▶ **Material for this task**:
+++
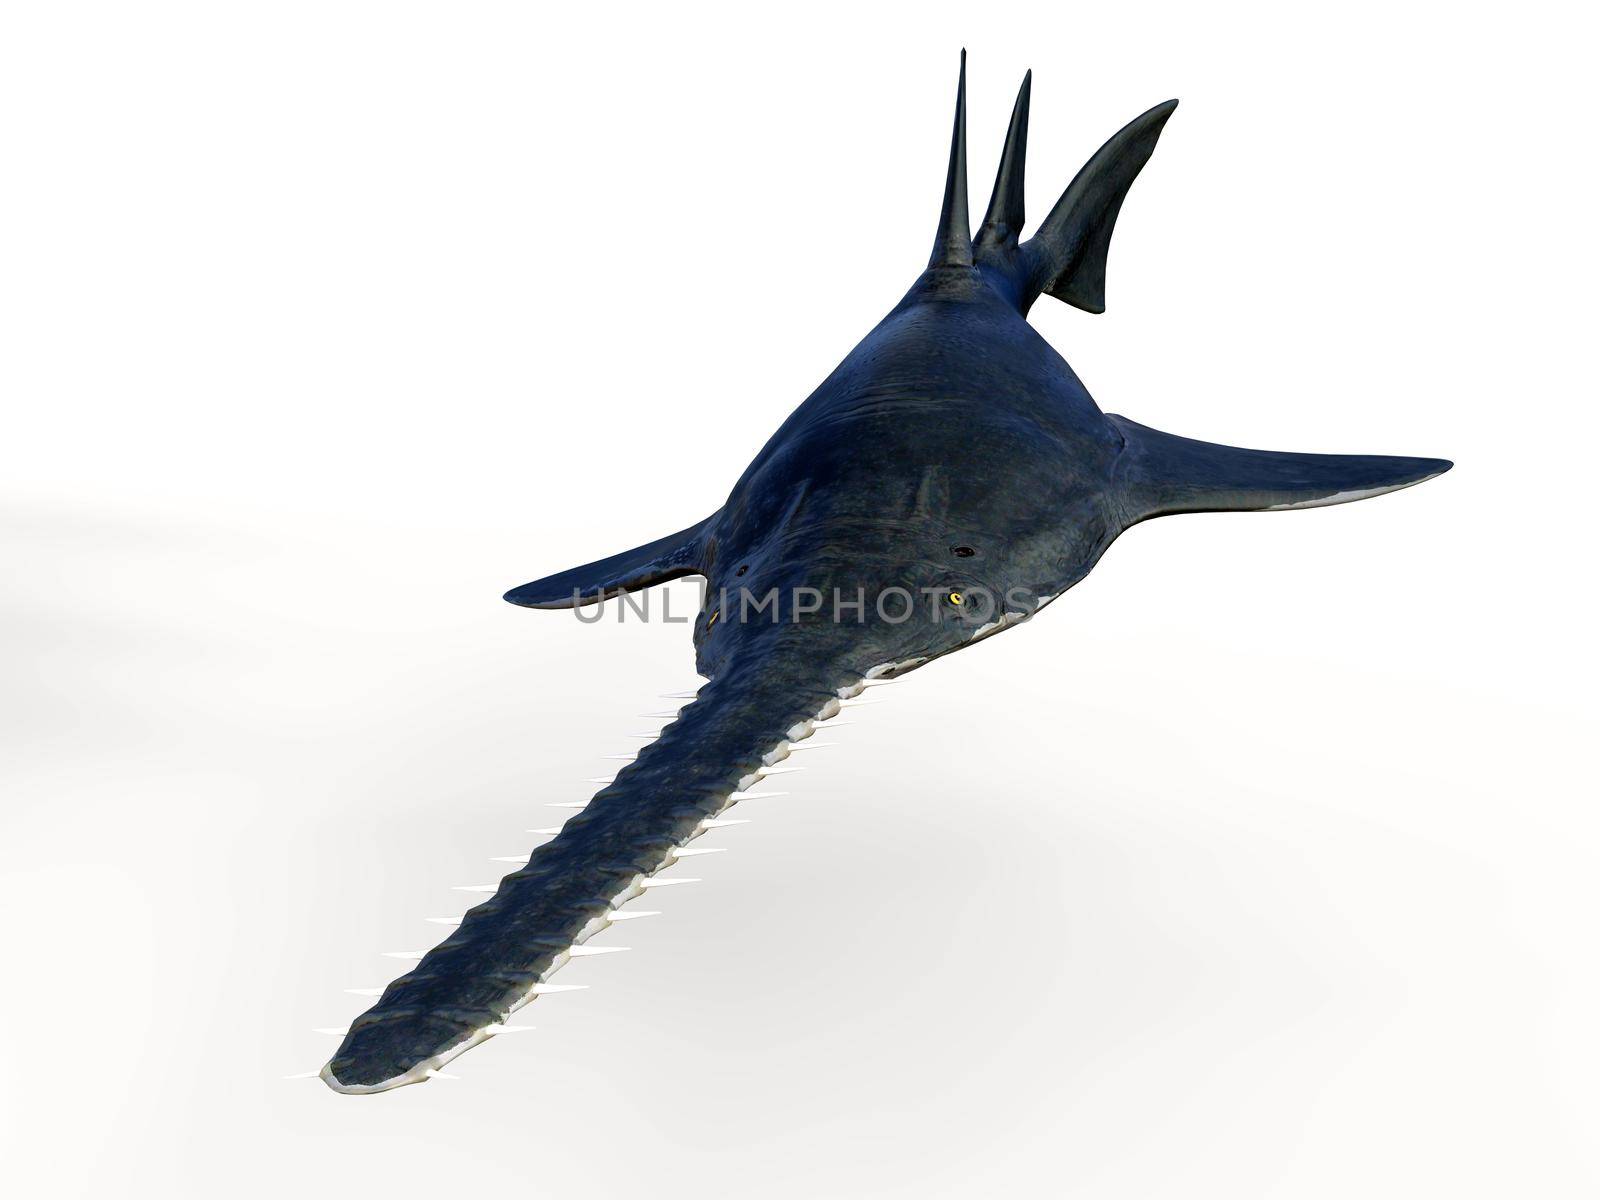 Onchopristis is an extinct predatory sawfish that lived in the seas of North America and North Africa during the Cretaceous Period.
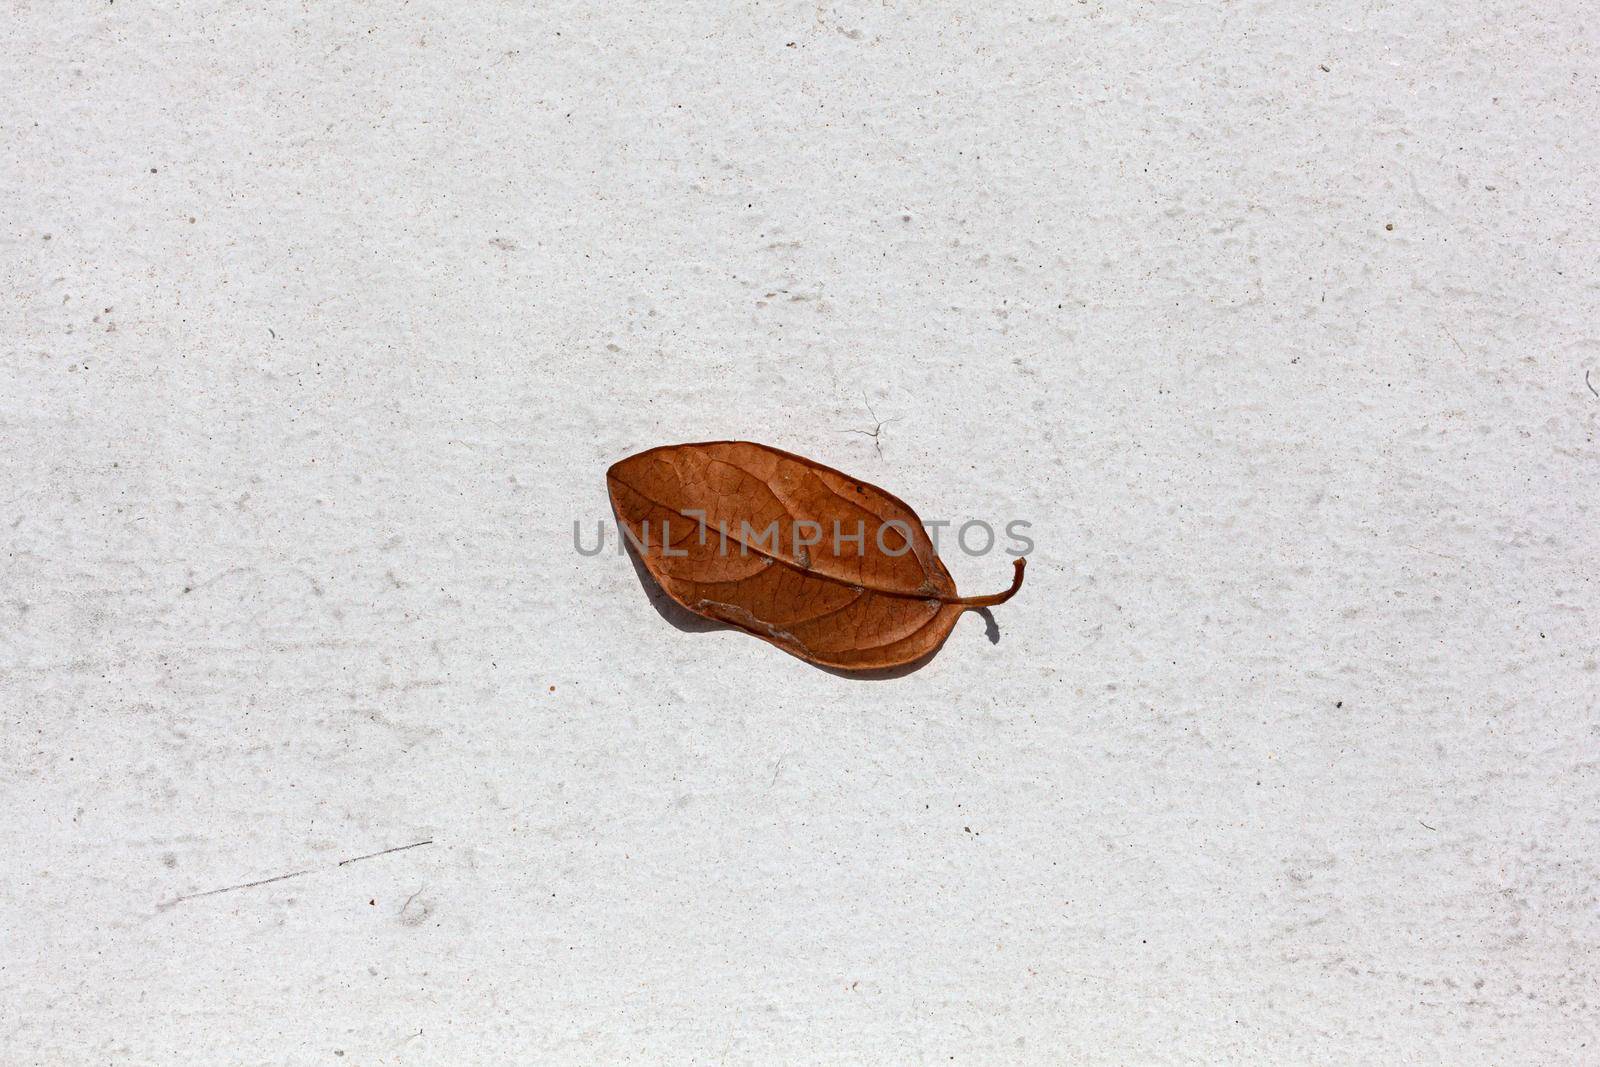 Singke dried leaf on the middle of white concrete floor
+++
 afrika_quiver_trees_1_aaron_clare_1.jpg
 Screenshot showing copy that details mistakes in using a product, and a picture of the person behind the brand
+++
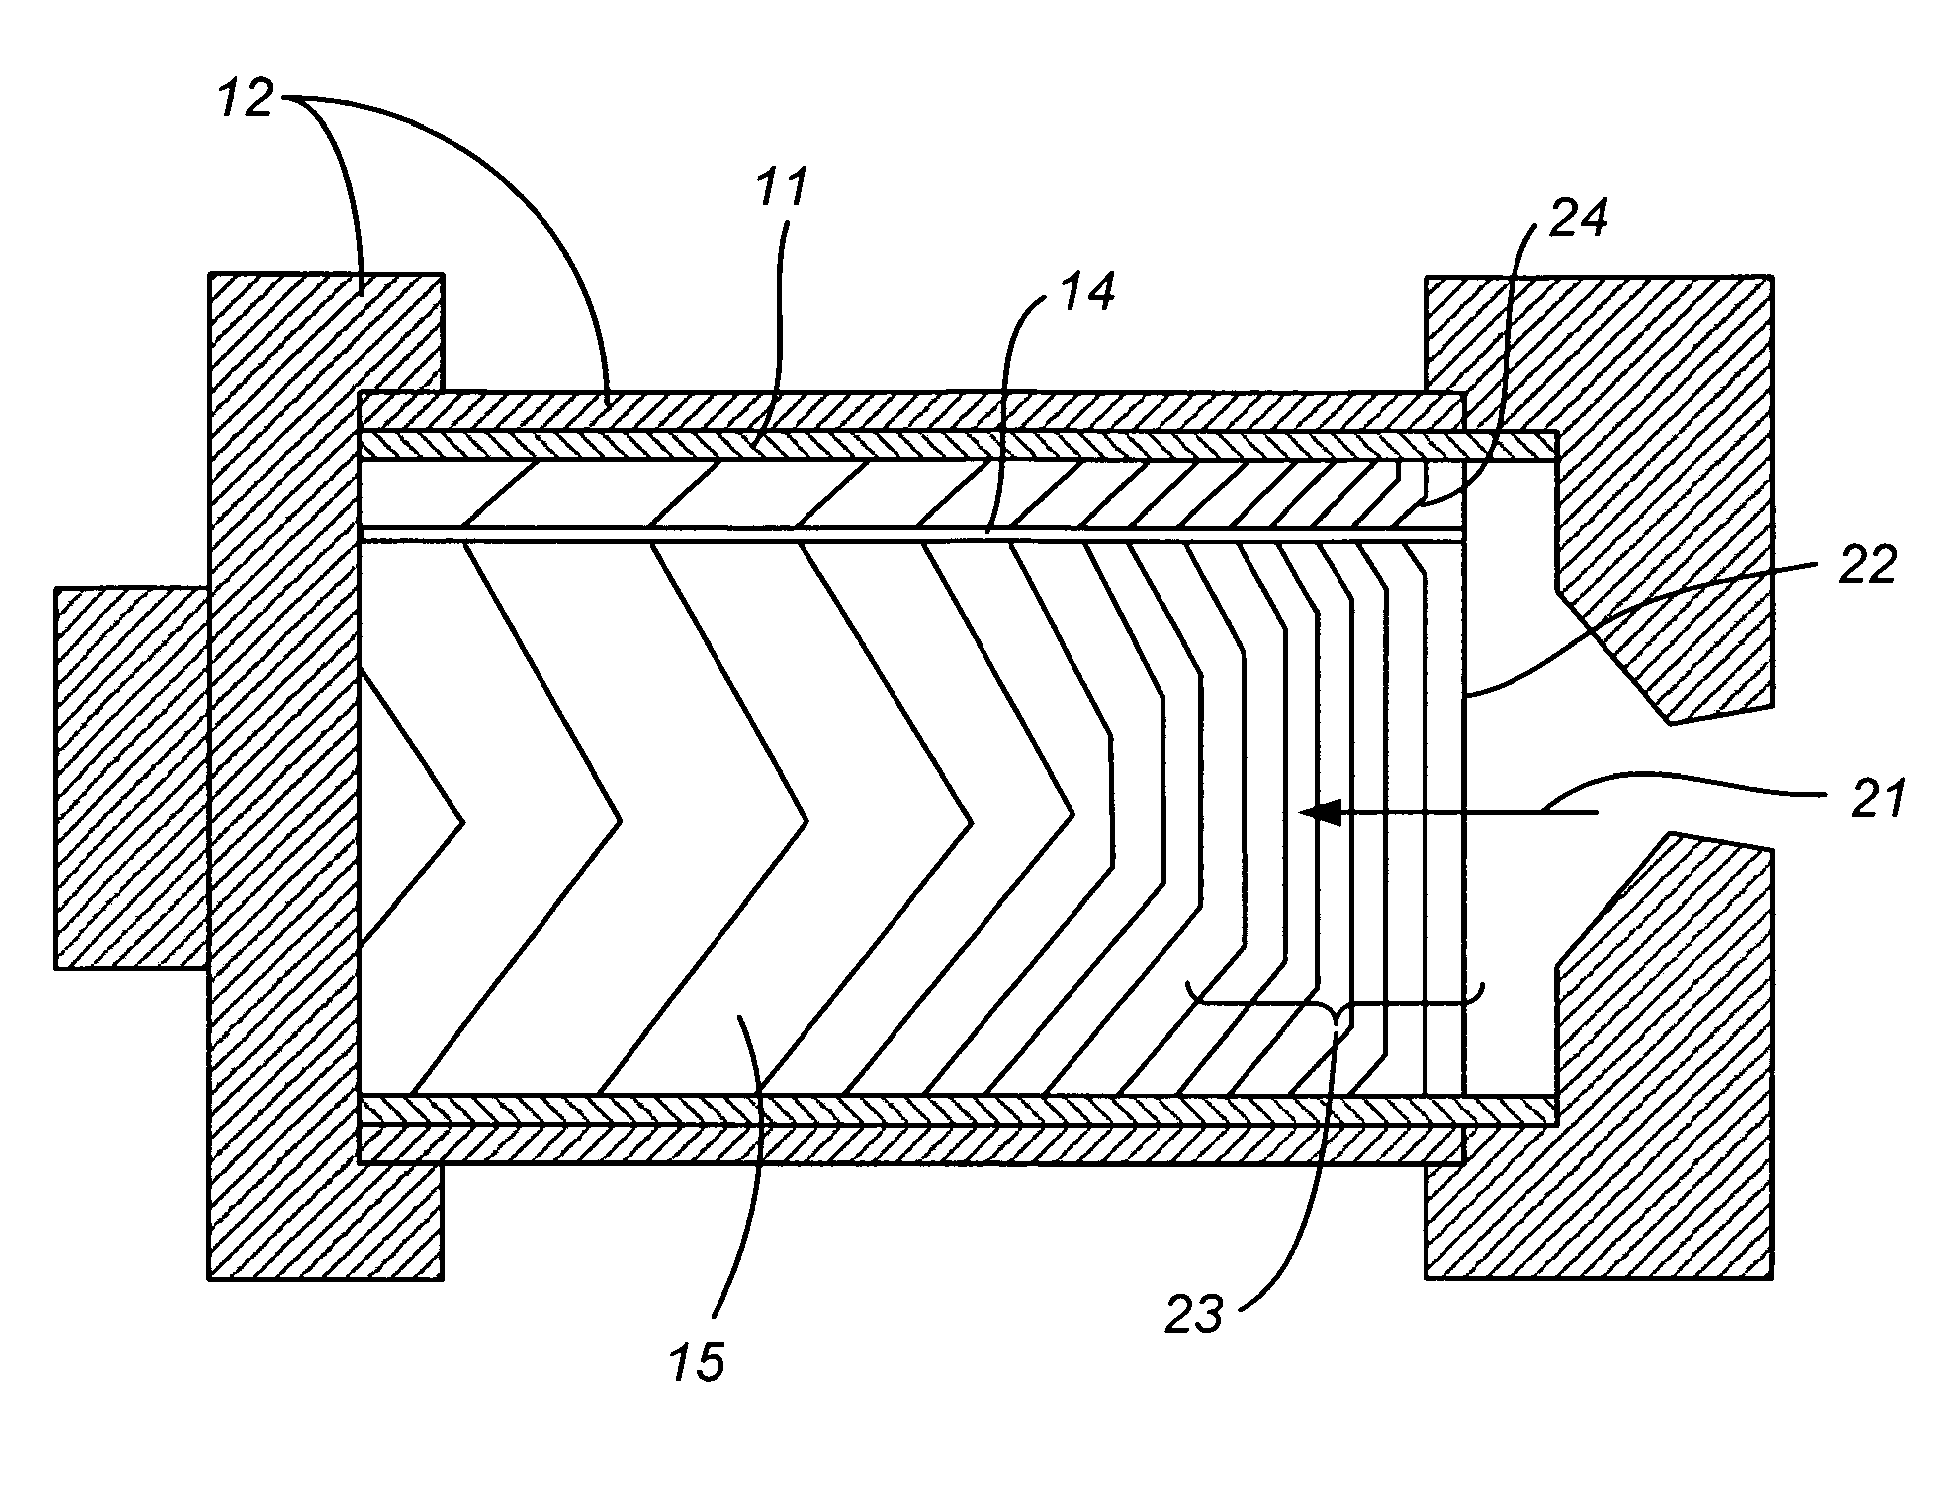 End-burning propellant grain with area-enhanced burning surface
+++
▶ **Exercise description**: With the pictures omitted, copy exactly the lines of the listing above starting at the line containing "Onchopristis is an" and ending at the line containing "Singke dried leaf", both included.

▶ **Task solution**:
 Onchopristis is an extinct predatory sawfish that lived in the seas of North America and North Africa during the Cretaceous Period.
 Singke dried leaf on the middle of white concrete floor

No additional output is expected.